Recorded information |

........

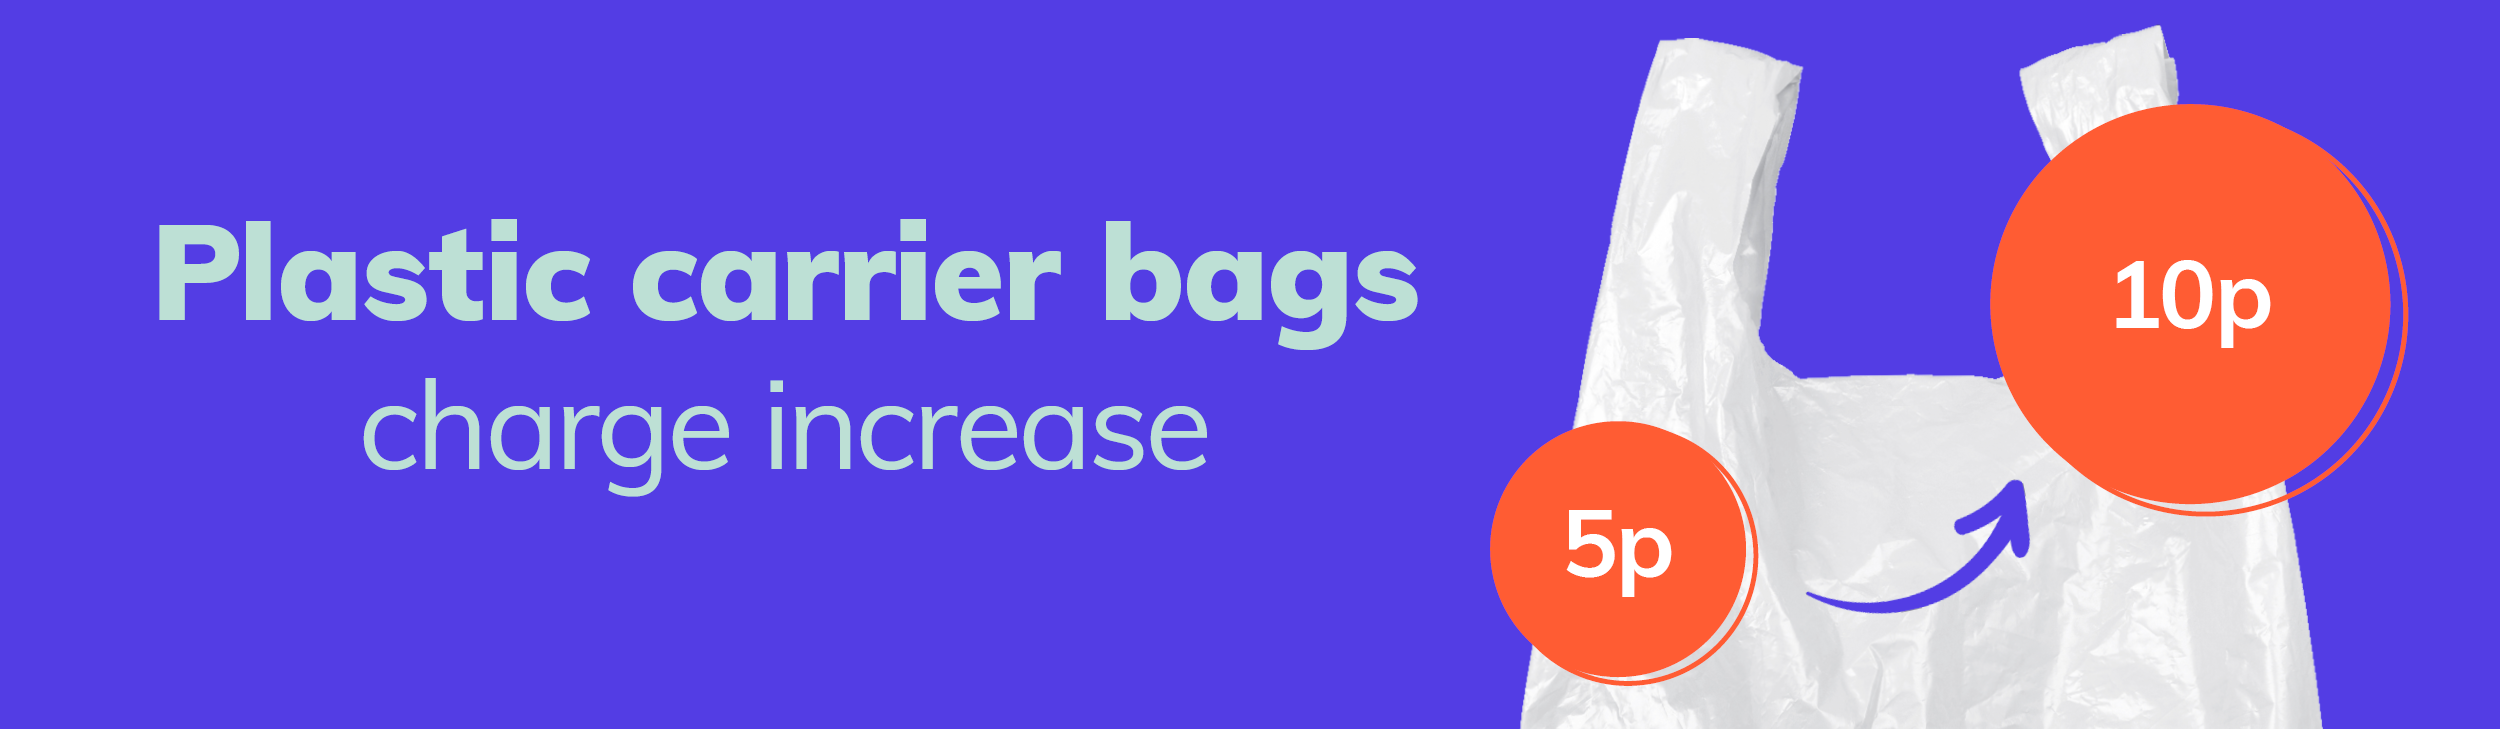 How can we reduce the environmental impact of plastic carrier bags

........

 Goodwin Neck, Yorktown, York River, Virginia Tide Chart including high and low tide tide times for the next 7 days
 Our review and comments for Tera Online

........

Your objective | Where the listing above has a line with "Goodwin Neck, Yorktown, York", start there, and output every line exactly through the line with "Our review and comments for Tera Online", which is also included.

Response below |
 Goodwin Neck, Yorktown, York River, Virginia Tide Chart including high and low tide tide times for the next 7 days
 Our review and comments for Tera Online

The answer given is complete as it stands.